The proportional representation (PR) system may also be considered. While there are many complex variations of this system, the simplest is the List PR system, which is also the most widely practised around the world. Under this system, political parties present a list of candidates to the electorate in each multi-member district. Voters vote for a party, which gets seats in proportion to its share in the overall votes polled in the district. Wining candidates are taken in order of their position on the PR list for the district.

If the PR system is employed on the result of the 2013 elections and provinces are considered a single district with the existing 272 general, 60 women reserved and 10 minority reserved, the PML-N would have 131 National Assembly seats including 105 general, 22 women and four minority reserved; PTI 69 seats including 55 general, 12 women and two minority reserved; PPPP 62 seats including 49 general, 11 women and two minority reserved; MQM 22 seats including 17 general, four women and one minority reserved; JUI-F 15 seats including 11 general, three women and one minority reserved; PML 12 seats including 10 general and two women reserved; PML-F 10 seats including eight general and two women reserved; JI eight seats including seven general and one women reserved; ANP four seats including three general and one women reserved; PkMAP three seats including two general and one women reserved; and QWP, NPP, AJIP, AMLP, BNP and PML-Z one general seat each.
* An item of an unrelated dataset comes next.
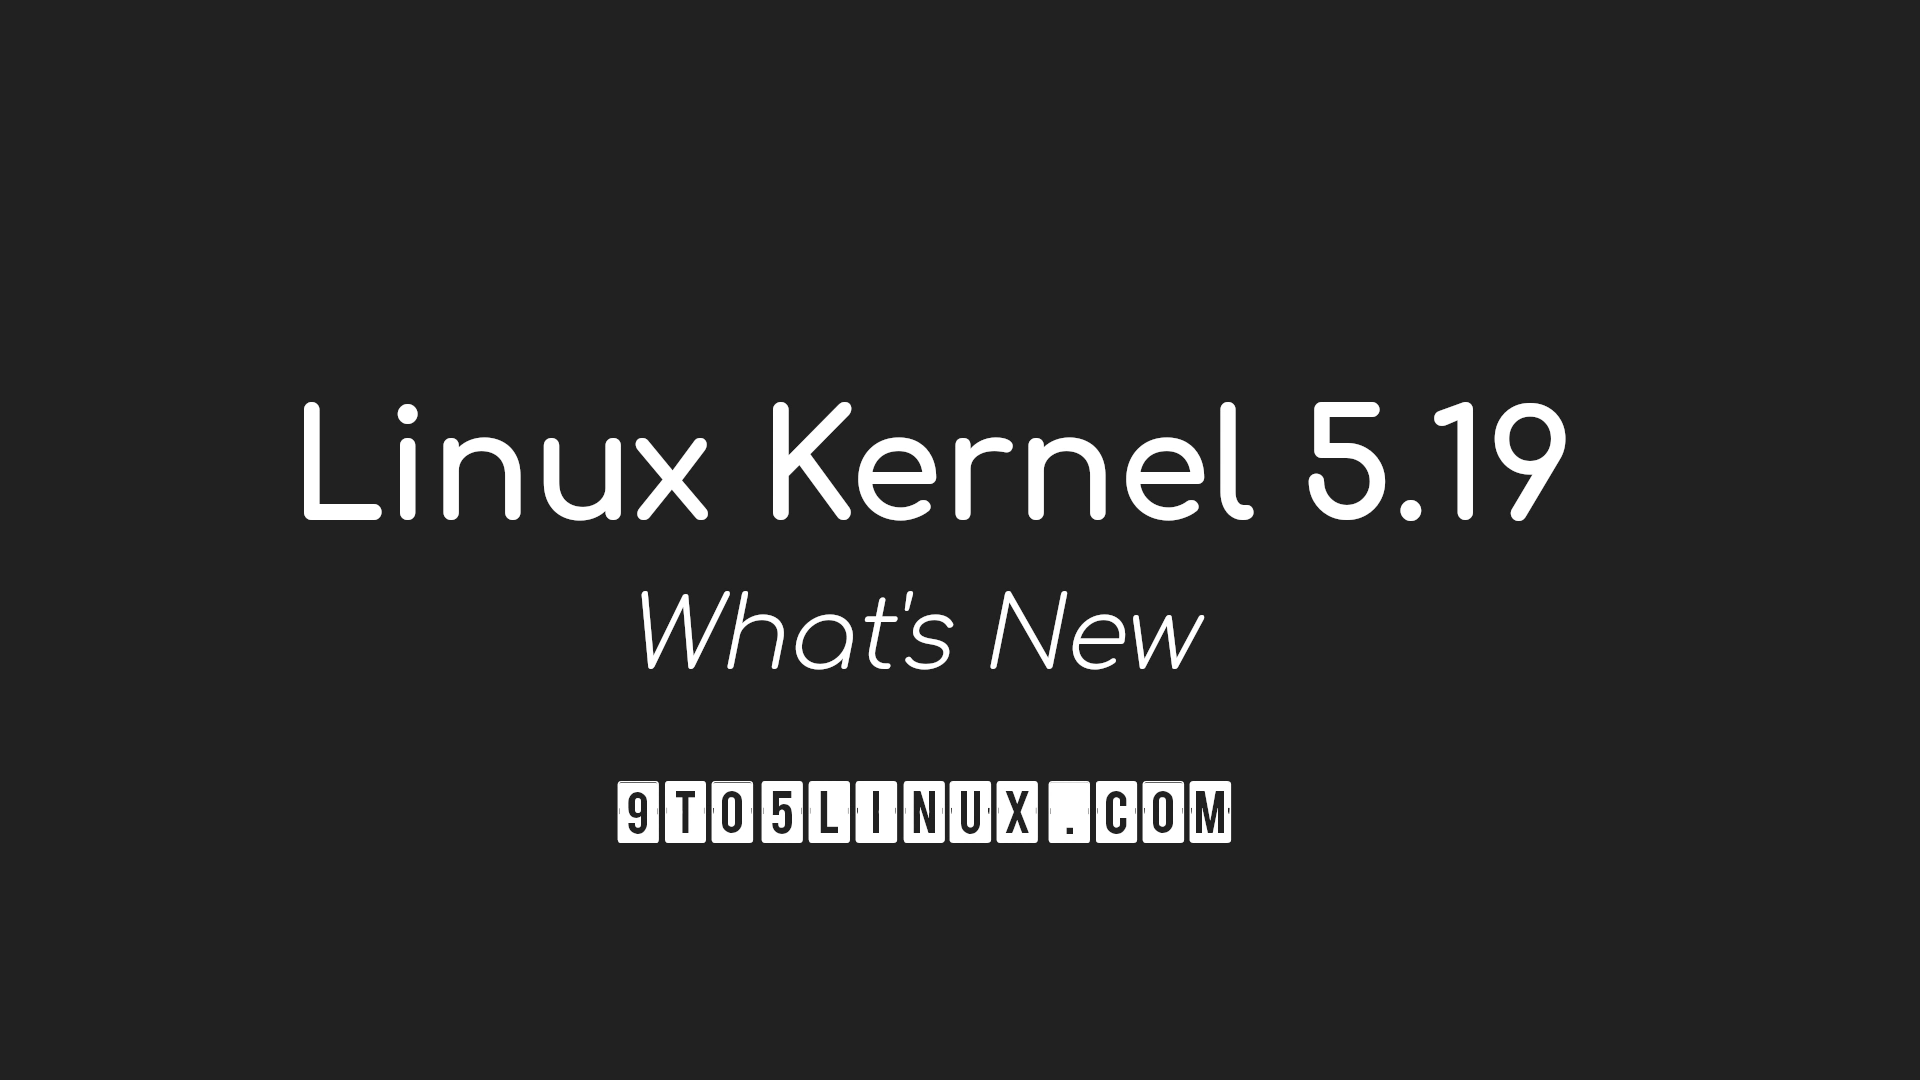 Linux Kernel 5.19 Officially Released, Linus Torvalds Teases Linux 6.0 as Next Kernel Series

This clearly establishes that the actual public support of political parties is greater than what gets through FPTP. However, there are questions about the efficacy of the PR system including its ability to allow smaller parties to play a crucial role in government formation and functioning, at times holding majority parties hostage to their terms.

Nevertheless the parliamentary electoral reforms committee should ensure that its legislative recommendations address the question of representation. Fair and equitable, if not proportionate, representative political diversity must be the guiding principle.

The writer works with the Free and Fair Election Network.